Workers' Comp & Safety
News from Sedgwick
The following information is provided by Sedgwick, the administrator of OWMA's Workers' Compensation Group Rating Program.
Musculoskeletal disorders (MSDs) are conditions that affect the muscles, bones, tendons, ligaments and other supporting structures of the body. Work-related MSDs are common and can significantly impact a person's well-being and work productivity. If these are not taken care of, they can get worse.
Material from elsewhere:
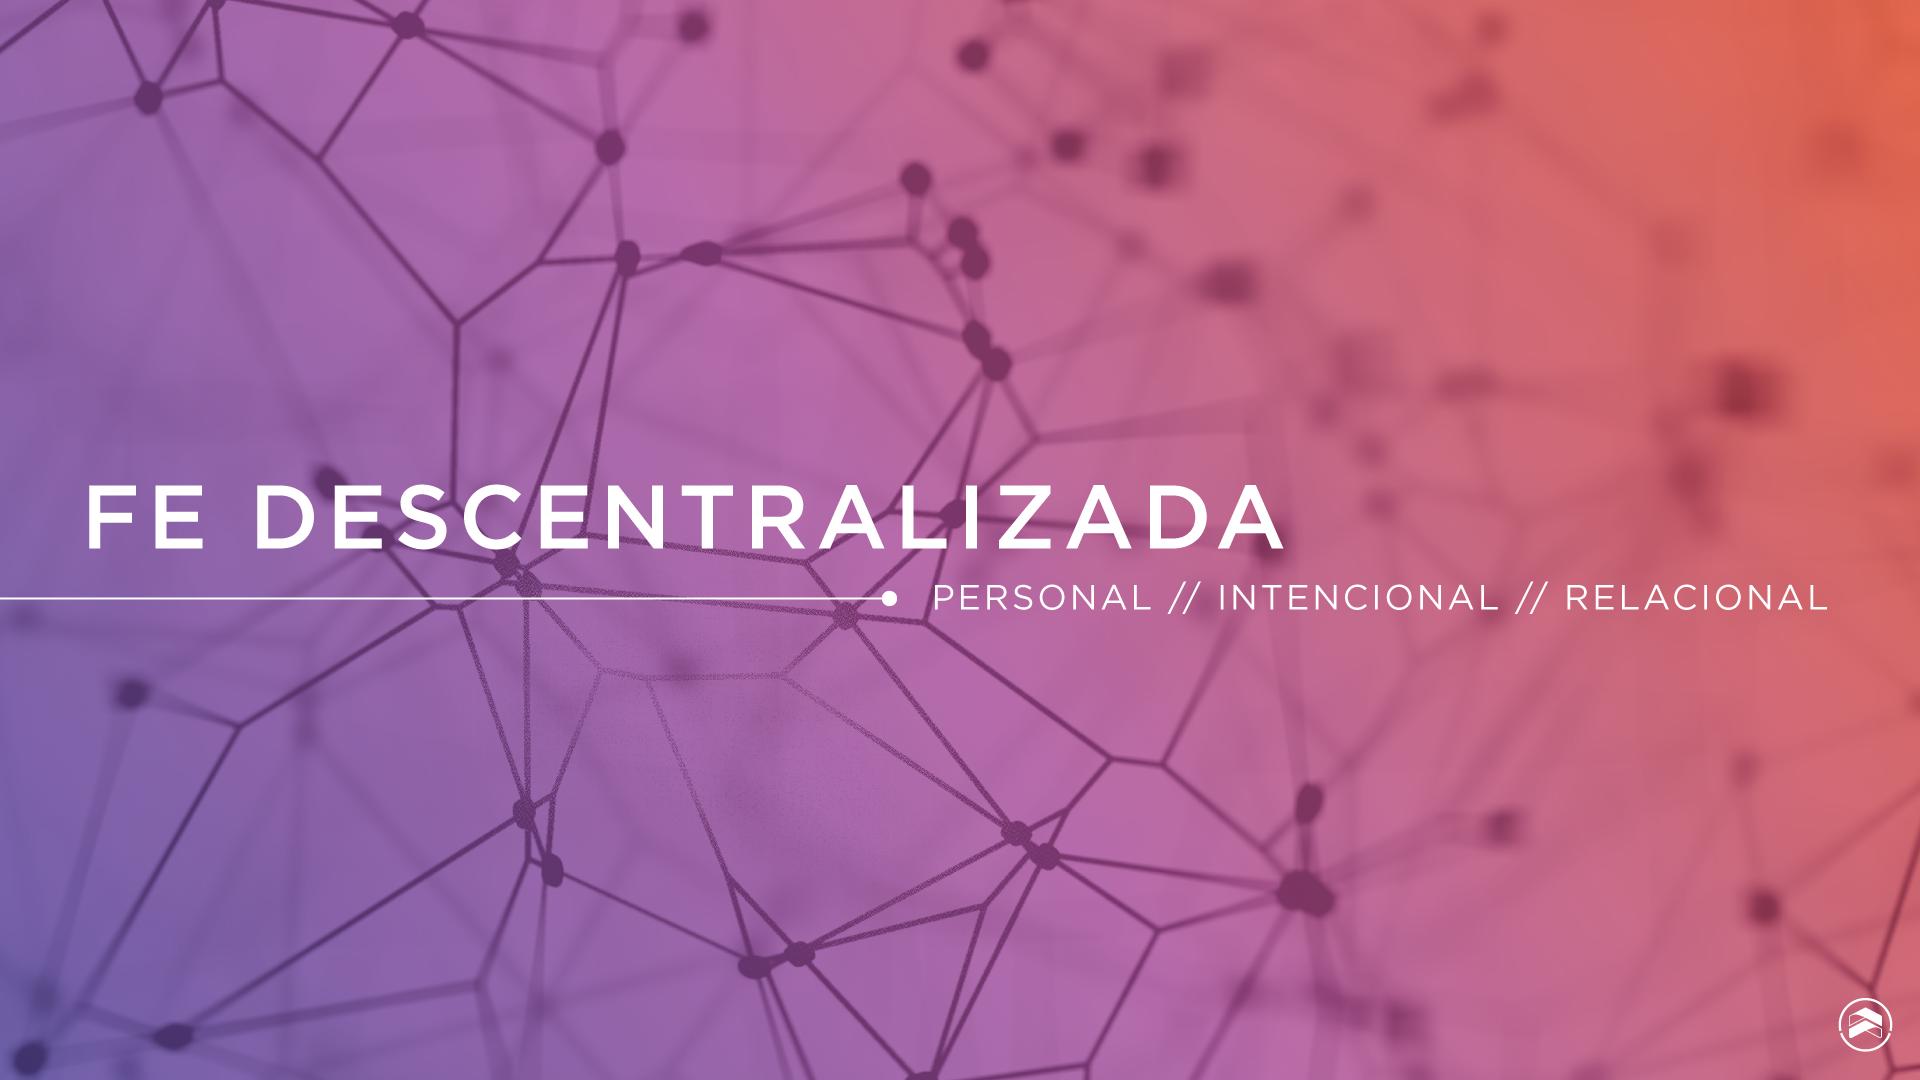 Fe Descentralizada - Aprovechando la gracia
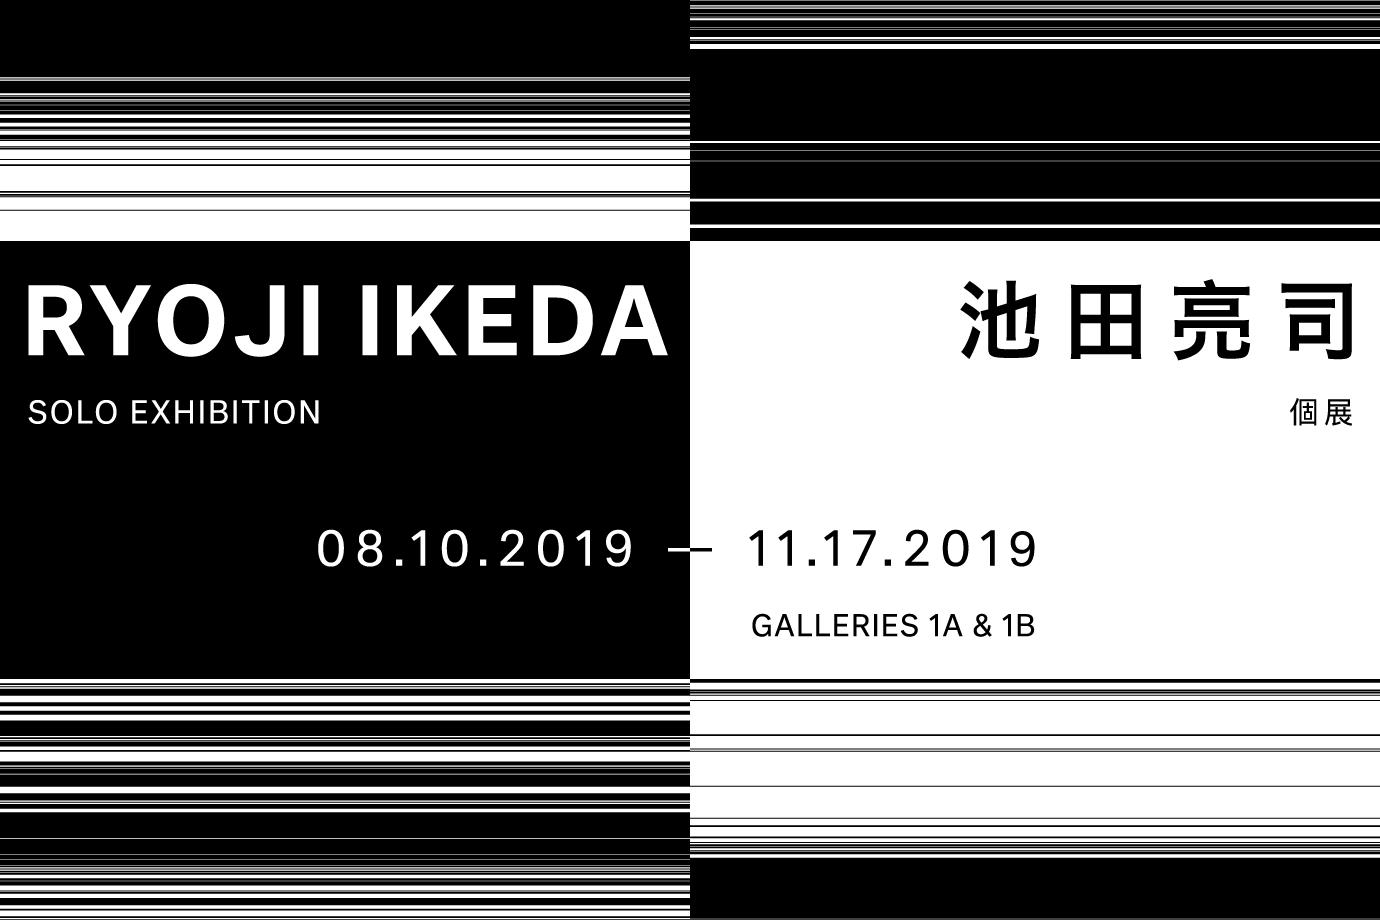 臺北市立美術館:2019/08/10-2019/11/17【池田亮司個展】

Common types of MSDs include:
- Carpal Tunnel Syndrome
- Back Pain
- Neck and Shoulder Pain
- Herniated Discs
- Strains or Sprains
There are different types of activities that may cause or contribute to MSD’s. These include factors such as repetitive motions or tasks, maintaining awkward postures for extended periods, lifting heavy objects, using excessive force, working in environments with vibrations, and inadequate rest or recovery periods. The good news is, there are steps employers can take to minimize these activities. Training and education, workstation ergonomics, job rotation, breaks and workplace modification. Activities such as these can be incorporated into the company’s safety program for each employee during their employment.
Training and Education
Employee training on MSD’s should begin at orientation and include periodic refresher training, such as monthly safety meetings or Toolbox Talks. Training should include basic understanding of ergonomics, proper lifting techniques, use of material handling equipment and the importance of taking breaks. Finally, train staff about the early signs and symptoms of MSDs as these can help them seek timely medical attention early and/or prevent the condition from worsening. Repetition of this training is key for identification, reporting and minimizing MSD injuries and demonstrates the organization’s commitment to safety.
Many employees spend a lot of time at their workstation. This may include both the office setting or on the manufacturing floor. When designing a workstation, ensure it is designed to promote neutral body posture, adequate support as well as adjustability and modification. Equipment to consider for proper workstation ergonomics includes chairs with back support, adjustable desks, appropriate keyboard and mouse placement, and proper monitor height. Once the workstation is set up, do an audit to see how the setup is working. If you or the employee identify any additional opportunities for improvement, modify the workstation accordingly.
Job Rotation and Breaks
Job rotation and breaks are a great way to reduce injuries and can help reduce the risk of injuries associated with repetitive tasks. Identify alternate jobs for workers that can give affected muscle groups time to rest and recover. If job rotation is insufficient or not an option, be sure to allow employees ample breaks to prevent fatigue and minimize the potential for MSDs.
Personal Protective Equipment (PPE)
Depending on the nature of the work, certain jobs may require the use of personal protective equipment. Employers should provide appropriate PPE, such as anti-vibration gloves and knee pads to reduce the risk of MSDs. If you decide to use these types of PPE, be sure you research them and get the right type and size for the employee. Remember, one size does not fit all.
Reporting and Early Intervention
Establish a system to report MSD’s and encourage employees to report signs or symptoms. Stress the importance of early detection so the issue can be addressed before an injury can occur. Employees should understand that early intervention, such as seeking medical evaluation and treatment, can help prevent further progression of the condition and facilitate a quicker recovery.
It is important for both employers and employees to prioritize the prevention and management of musculoskeletal disorders at work. By implementing ergonomic principles, promoting awareness, and fostering a supportive work environment, the risk of work-related MSDs can be significantly reduced.